In Her Own Name
What's in a name? Plenty, as Coral Peña has discovered.
Coral Peña briefly considered using a stage name when she began her career.
She saw people she admired, like Oscar Isaac, getting parts where their race was either ambiguous or even white — even though they were of Hispanic descent. She wanted casting directors to "not look at my name, and immediately go, 'Oh, she's not right for it.'"
She not only kept her last name, she made sure to keep the tilde over the n.
"The more I thought about it, the more I thought I don't want any ambiguity," Peña says, because it would be "hurting my integrity and also hurting the way that I looked at myself." The accent mark also helps people pronounce her name correctly.
Peña has gotten attention for her talents as well as her heritage.
Audiences for the 2017 film The Post noticed that she held her own in a scene with Meryl Streep, and that hers was the only speaking role of color in the acclaimed film. She's also played a CIA analyst in NBC's The Enemy Within, a CTU agent in Fox's 24: Legacy and half of an interracial, same-sex couple in the 2020 teen romance movie Chemical Hearts. Plus she's the narrator for the current season of PBS's Antiques Roadshow.

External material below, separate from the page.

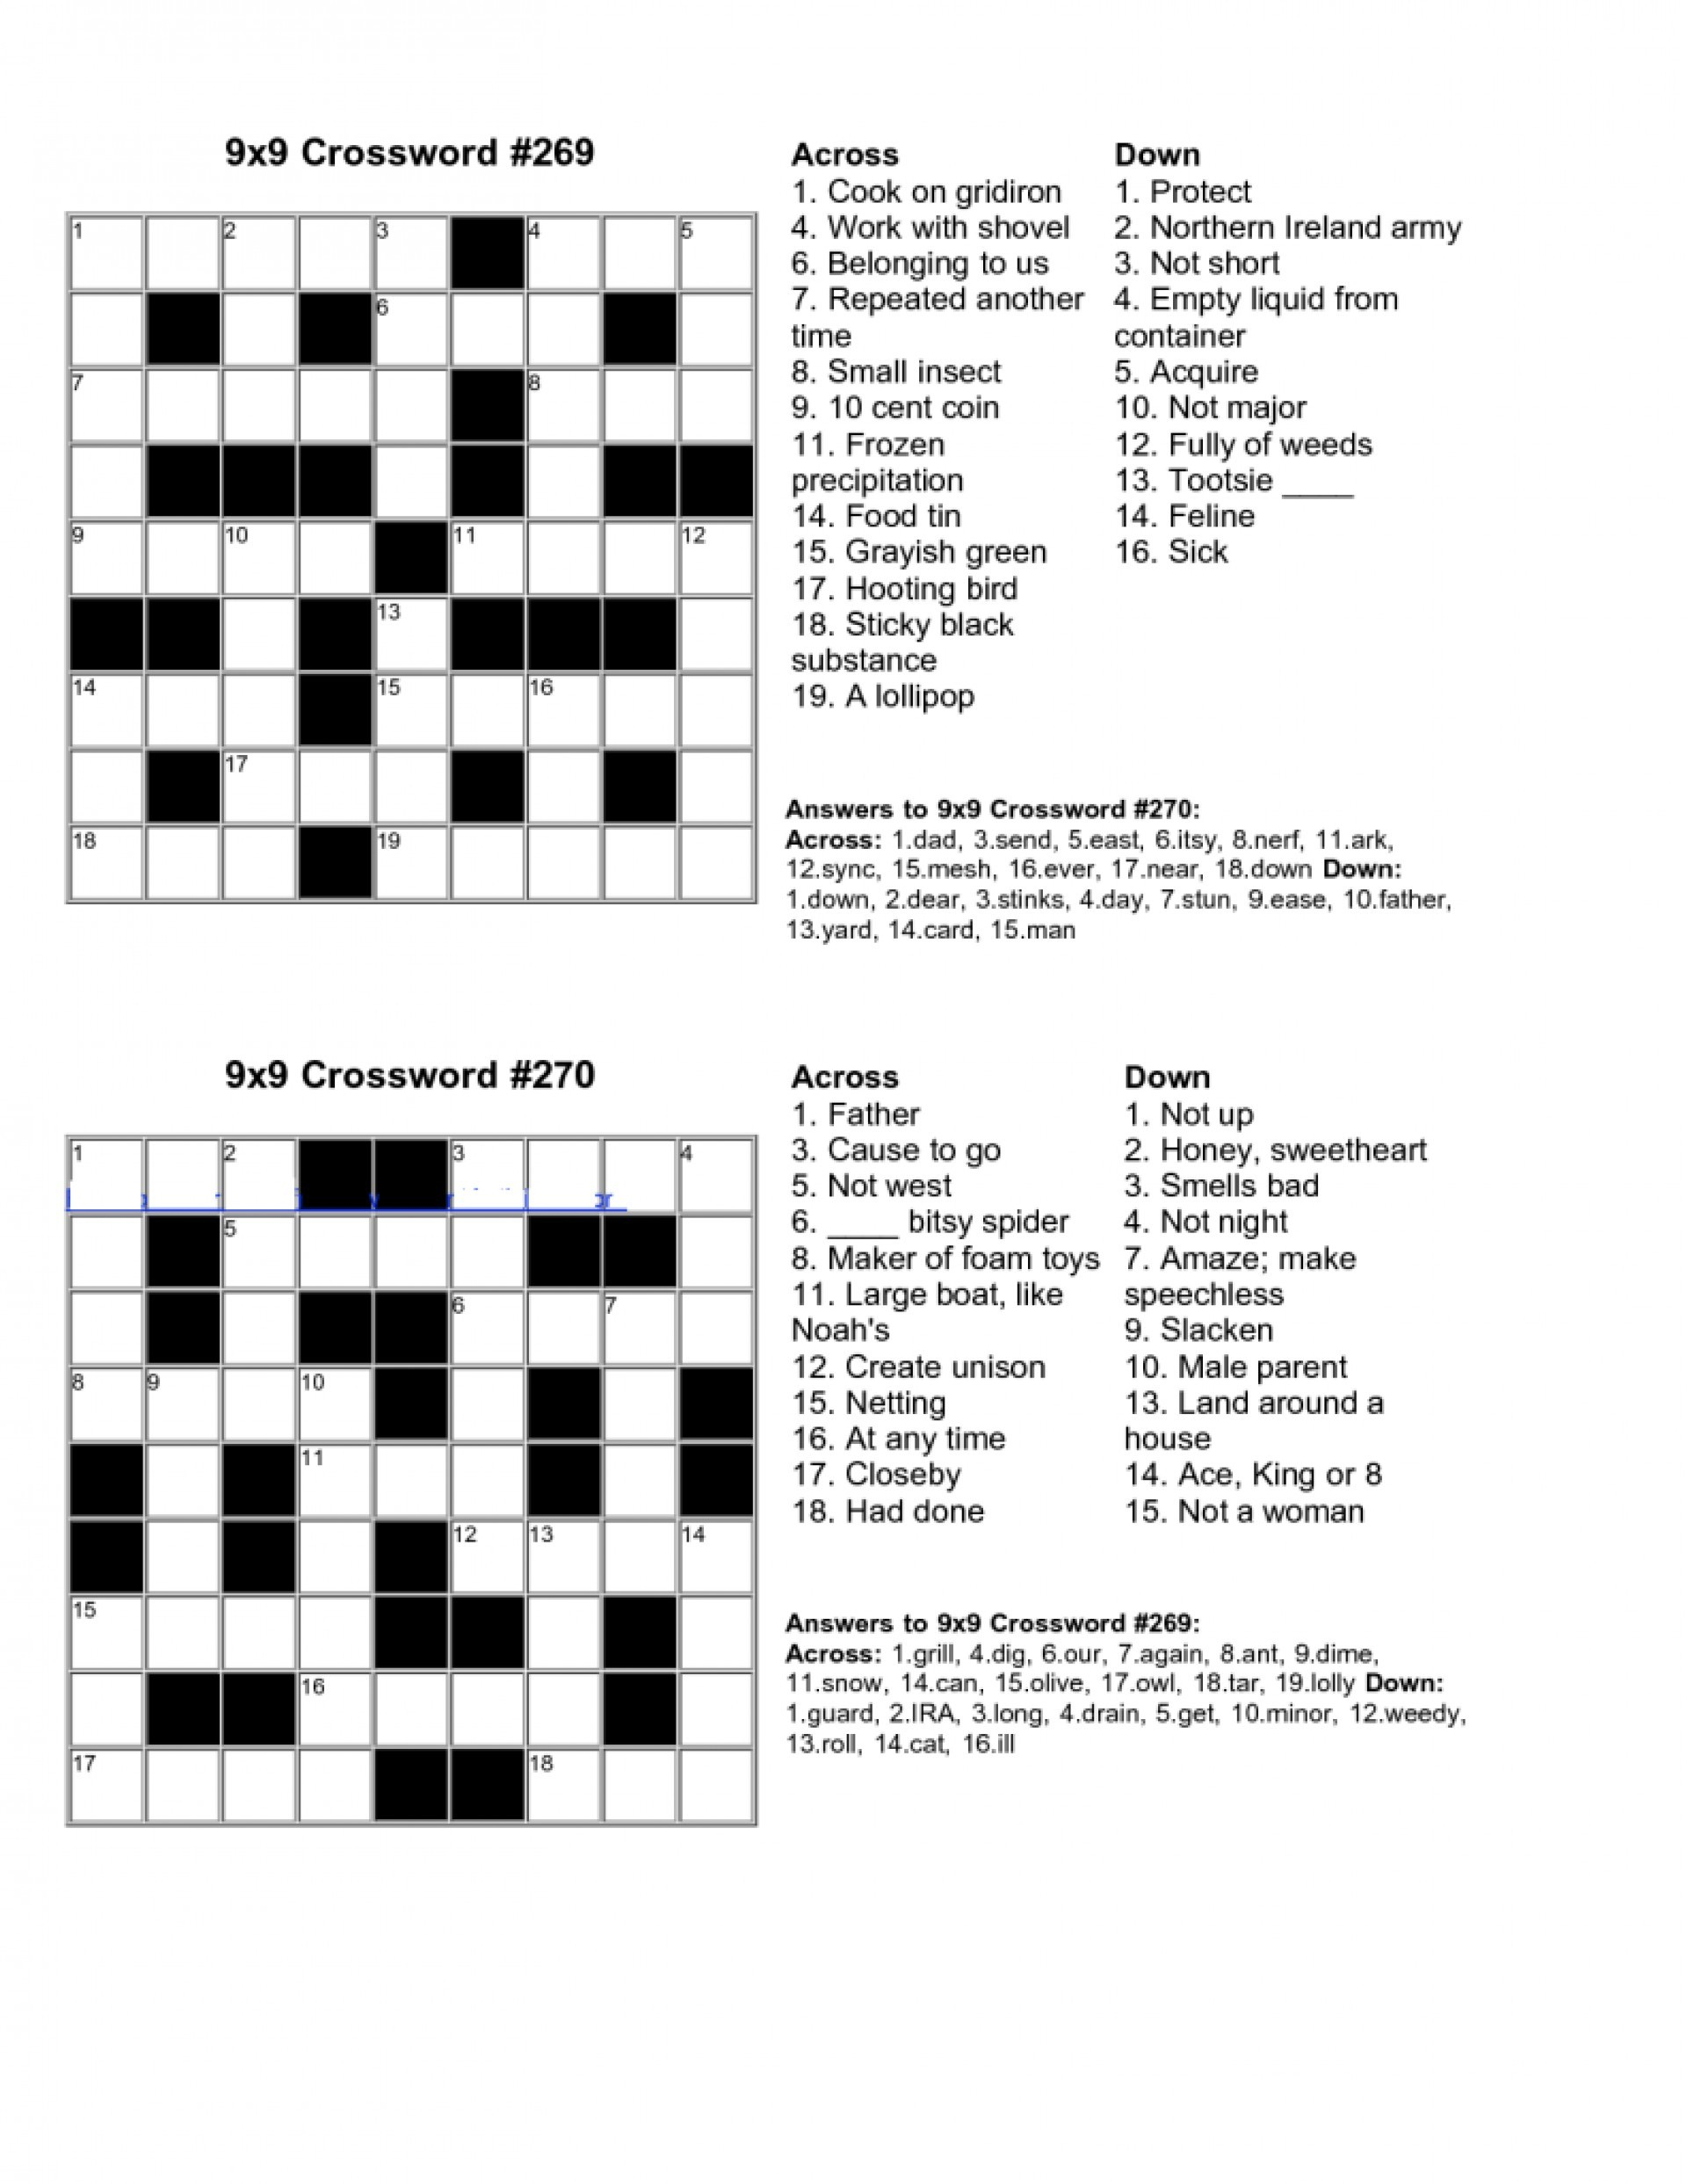 February Crossword Puzzle Printable Vpk

And now, in the second season of Apple TV+'s space drama For All Mankind, she's taken over the part of Aleida Rosales. In season one, Olivia Trujillo played this child of an undocumented custodian at the Johnson Space Center. The second season jumps ahead 10 years to find Aleida a brilliant engineer who can't hold down a job and struggles with her immigration status.
Raised in Harlem by a single mother, Peña is Dominican and came to the U.S. on a green card before becoming a citizen as an adult. She says cocreator–executive producer Ronald D. Moore and others stressed to her how collaborative they wanted the character's development to be. They are "excited about what Aleida represents," she adds, "in terms of this country and in terms of what they're trying to say with the show."
She's been looking to use her public platform to help others. At press time, her social media profiles linked to a Google document she'd created, a list of Black trans people who need financial support. The header says: "Do more than donate, read their stories."
Peña has seen proof that words matter, but, she says, "I've pulled back on being as vocal on social media because I want to hold myself accountable to making those words become actions."